Obviously, most people remember him for the dirty hit on the Detroit Red Wings' Kris Draper:
... and his turtling instead of answering the bell when Darren McCarthy went to fight him in retaliation.

And that hit - and his reaction to it - was what brought the Avs-Wings rivalry onto the next level for the next half-dozen years, as both teams were Cup contenders and frequent postseason adversaries. However, we tend to forget that it happened the year the Colorado Avalanche won their first Stanley Cup (the year they moved into town, no less), and that it was Lemieux's second consecutive championship, having won the Cup and the Conn Smythe the previous year with the New Jersey Devils where he scored 13 goals to lead all playoff skaters. He won another one in Jersey in 2000.

He was the fourth player ever to win Cups with three different teams, and the fifth to win consecutive ones with different teams. He has twice the number of Cups as Mario Lemieux (let that sink in... and remember Mario played with Jaromir Jagr, Ron Francis, Paul Coffey, Joe Mullen, Larry Murphy, Mark Recchi, Ulf Samuelsson, and regularly had multiple 100-point scorers on his team), and two major victories with Team Canada, a Canada Cup (1987), a World Juniors gold (1985), and was on the runner-up team at the inaugural World Cup (1996).

He also got a few Selke Trophy votes three times, once finishing in sixth place. But after slowing down while with the Phoenix Coyotes and splitting a season between Arizona and the Dallas Stars in 2002-03, he retired... only to return for a final swan song in 2008-09, playing 18 games with the San Jose Sharks. All told, he ranks third in playoff game-winners with 19, behind Wayne Gretzky and Brett Hull (at 24 apiece), ahead of the likes of Joe Sakic, Maurice Richard, Mike Bossy and Glenn Anderson.
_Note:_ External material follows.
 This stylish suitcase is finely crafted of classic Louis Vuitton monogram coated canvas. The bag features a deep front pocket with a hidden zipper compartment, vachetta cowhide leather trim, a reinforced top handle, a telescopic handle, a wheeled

The first time he retired, he became team president of the ECHL's Phoenix RoadRunners, and participated in the Spike TV show Pros vs. Joes; the second time he retired, he participated in CBC's Battle Of The Blades in 2009, finishing as runner-up, and in 2011 became chairman of the board of directors at GRAF, a hockey and figure skating equipment manufacturer from Alberta.
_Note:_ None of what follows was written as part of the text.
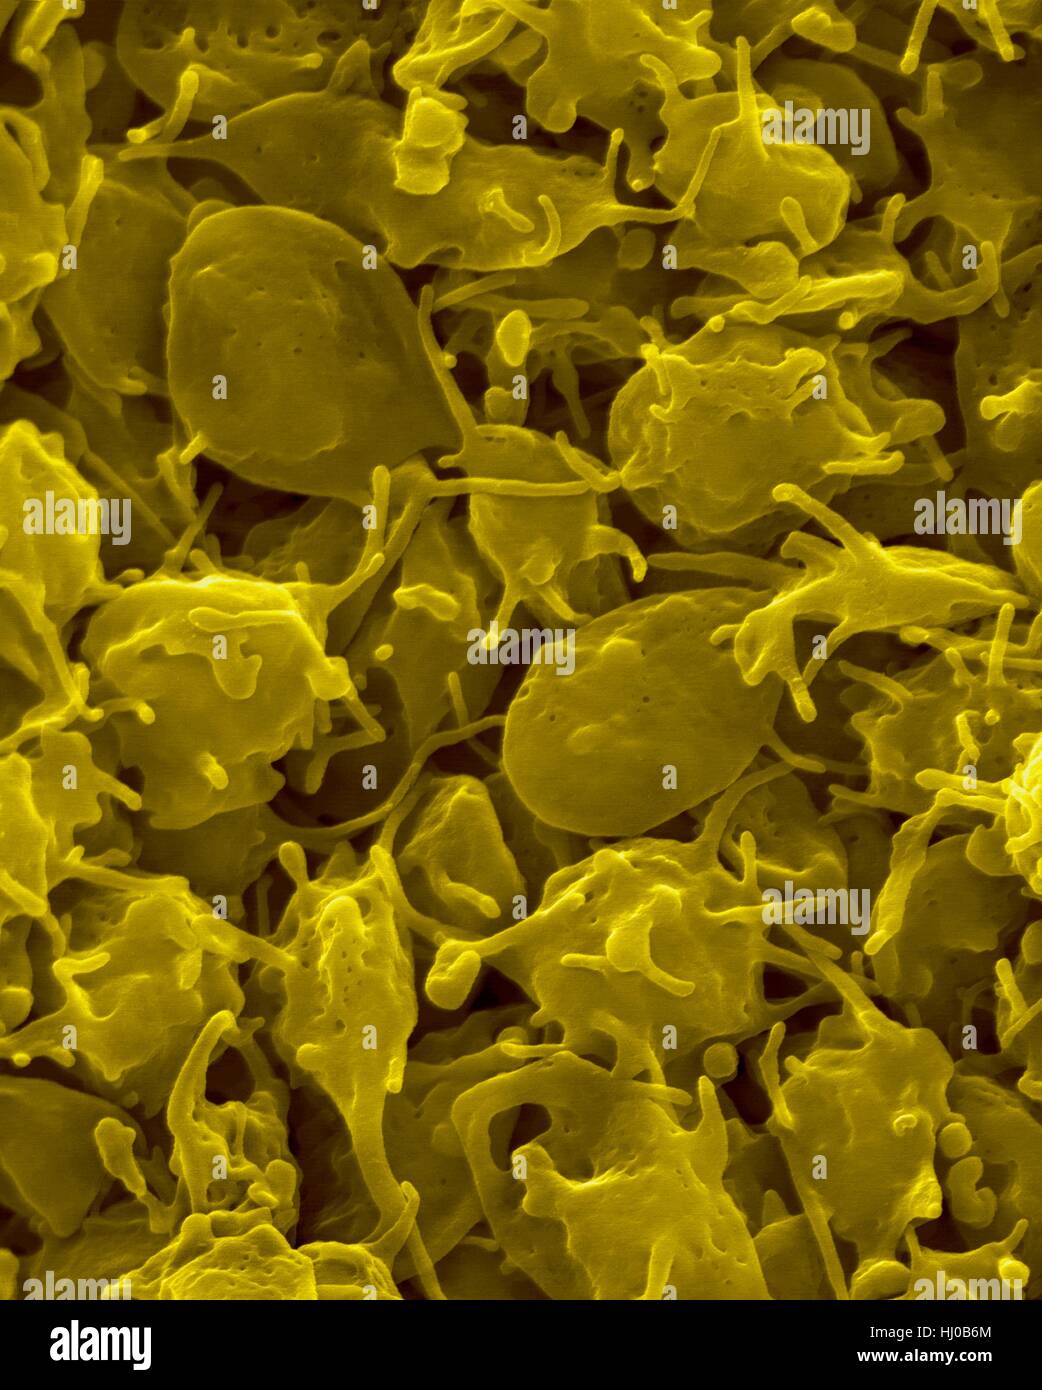 Activated platelets channels of open canalicular system (OCS),coloured scanning electron micrograph (SEM).Platelets are blood cell fragments that play essential role in blood clotting wound repair,and can also activate certain immune responses.They are formed in red bone marrow,lungs,and spleen by Stock Photo

So while most of the hockey world remembers him as the Avs' pest, and people in Jersey seem to have forgotten his stellar play for them, most Montrealers remember him as a member of the Canadiens, a local boy (he grew up in Buckingham, Quebec) who made the big team and won the Cup at home.
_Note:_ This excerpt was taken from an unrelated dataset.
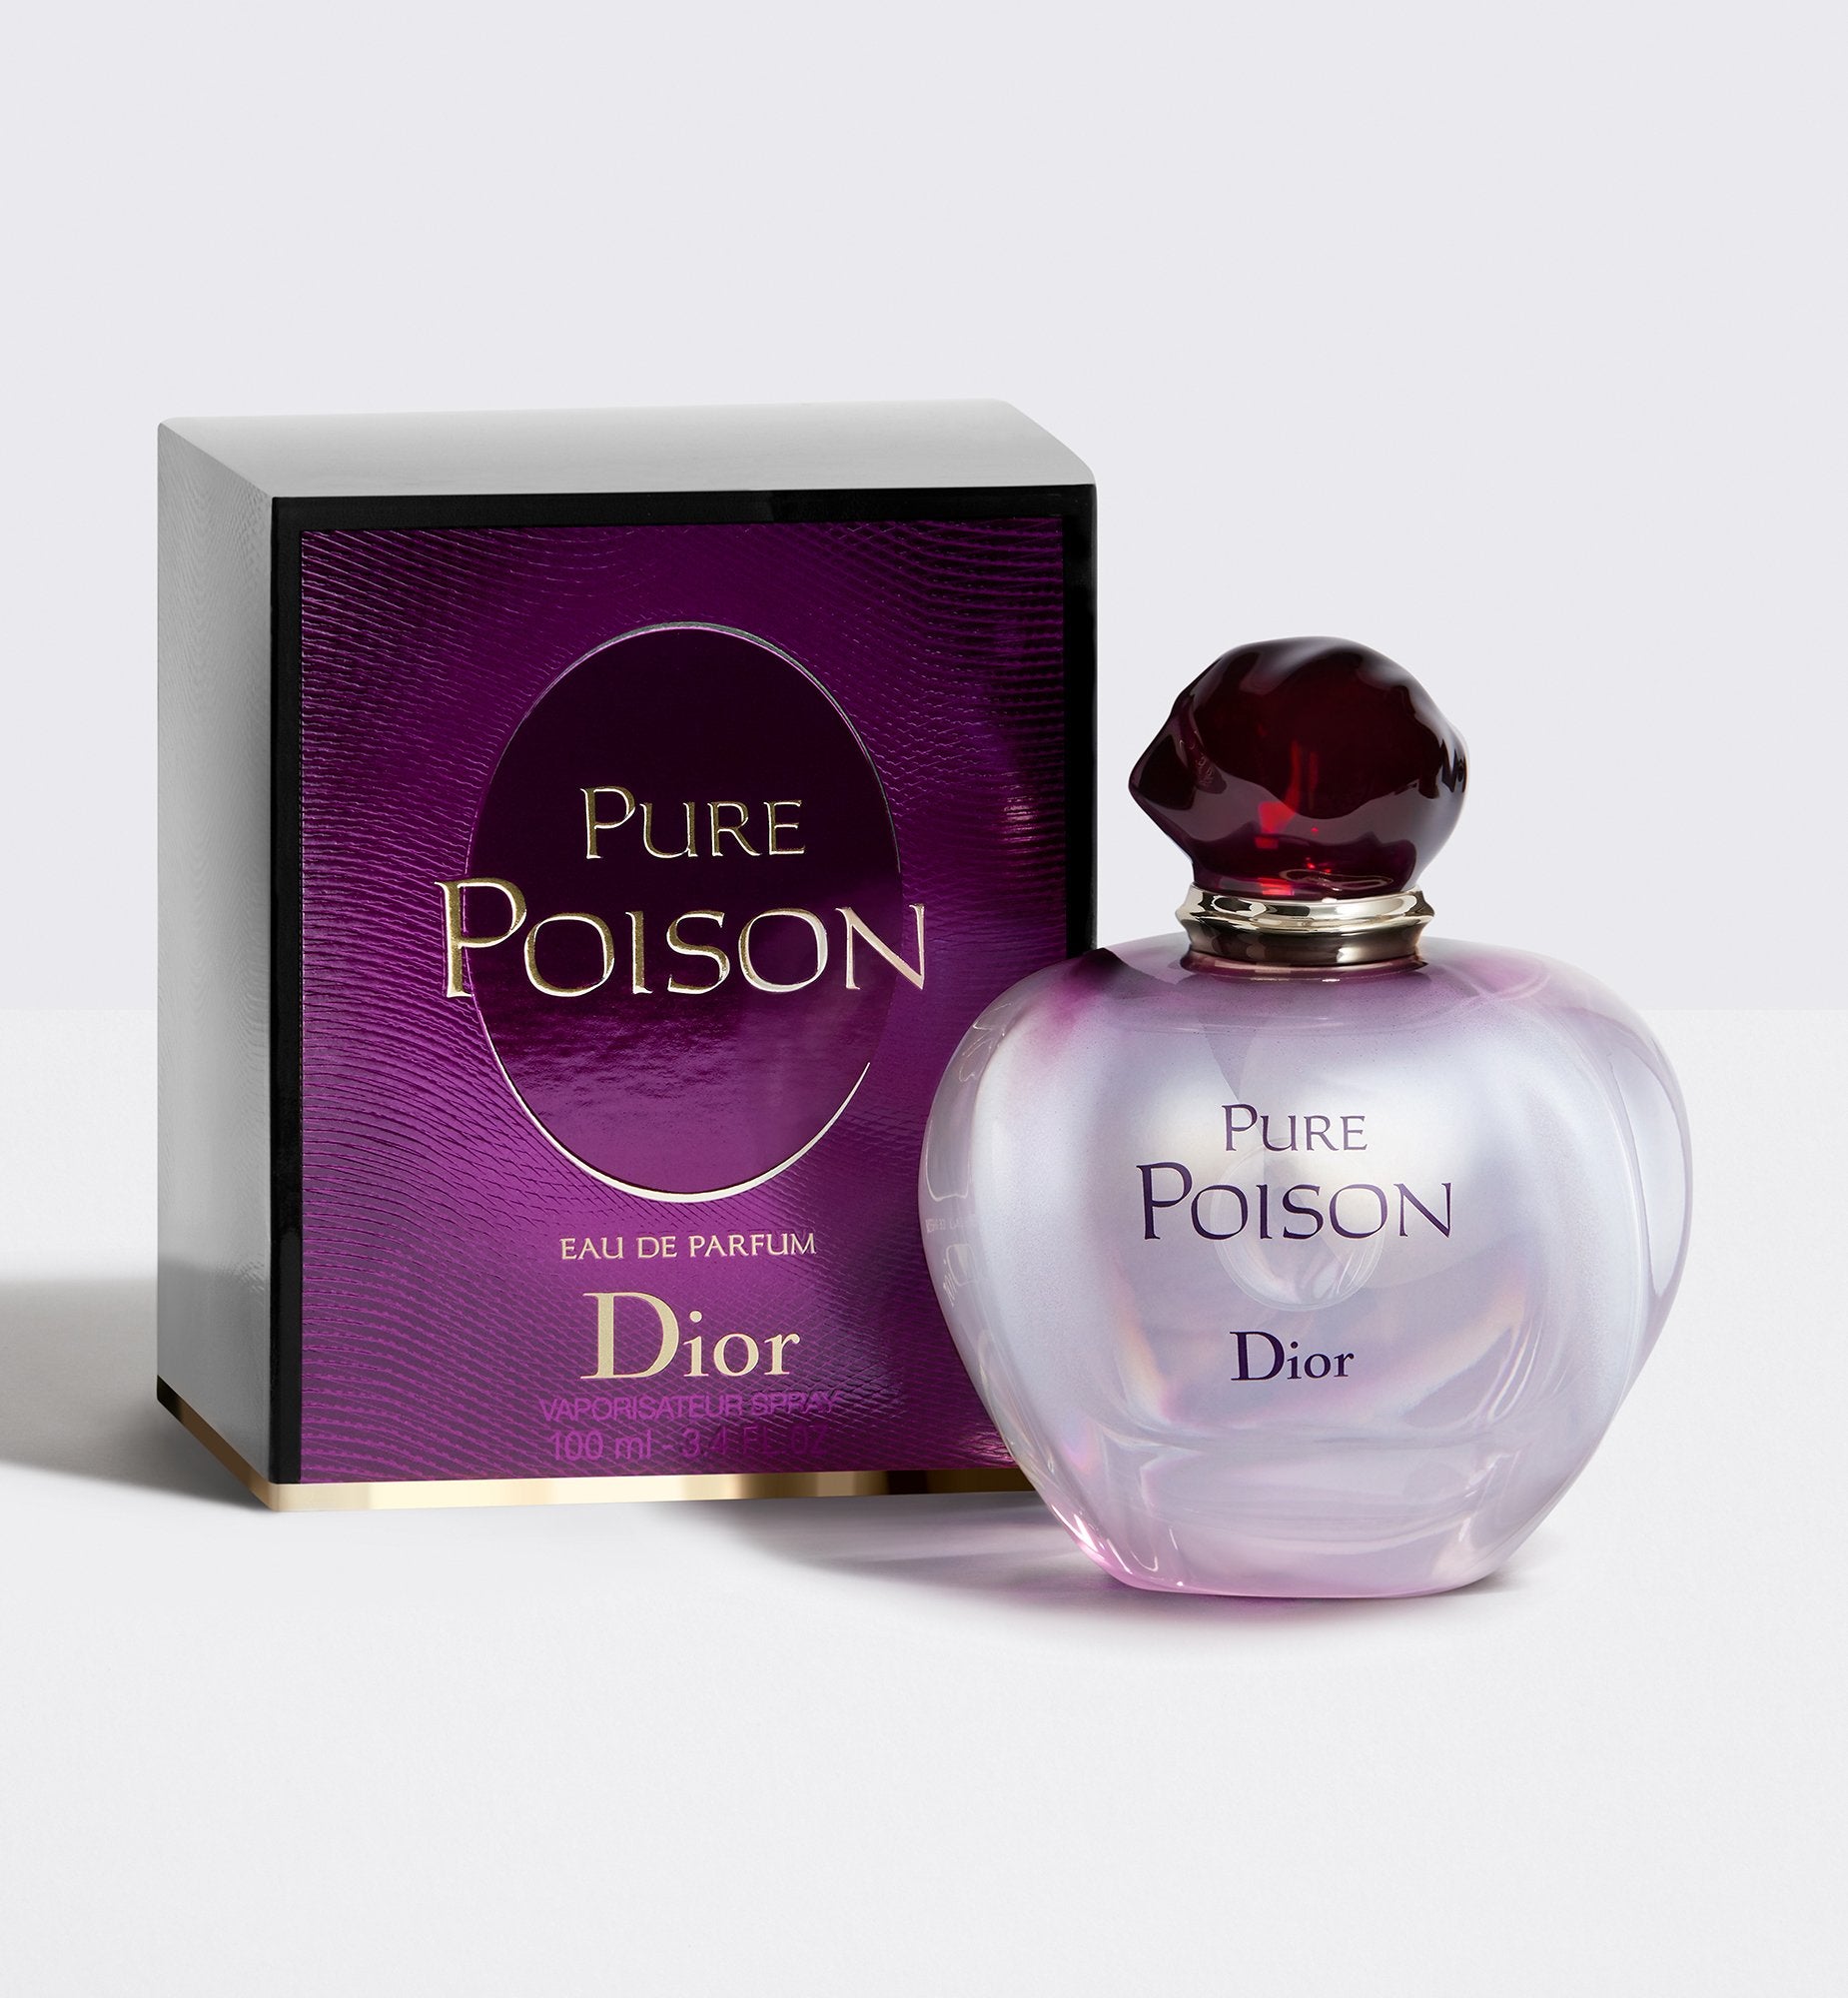 Pure Poison by Christian Dior

I'm halfway, because the Avs were my mid-90s team. So I didn't mind when I pulled card #GJ-CL from Upper Deck's 2013-14 Series 1 set (part of the UD Game Jersey sub-set), though getting two the same day may have been slightly exaggerated:
It shows him wearing the team's white (then-home) uniform with matching game-worn jersey swatches (one seemingly more used than the other), at the old Forum, back when board ads were less prevalent and pervasive.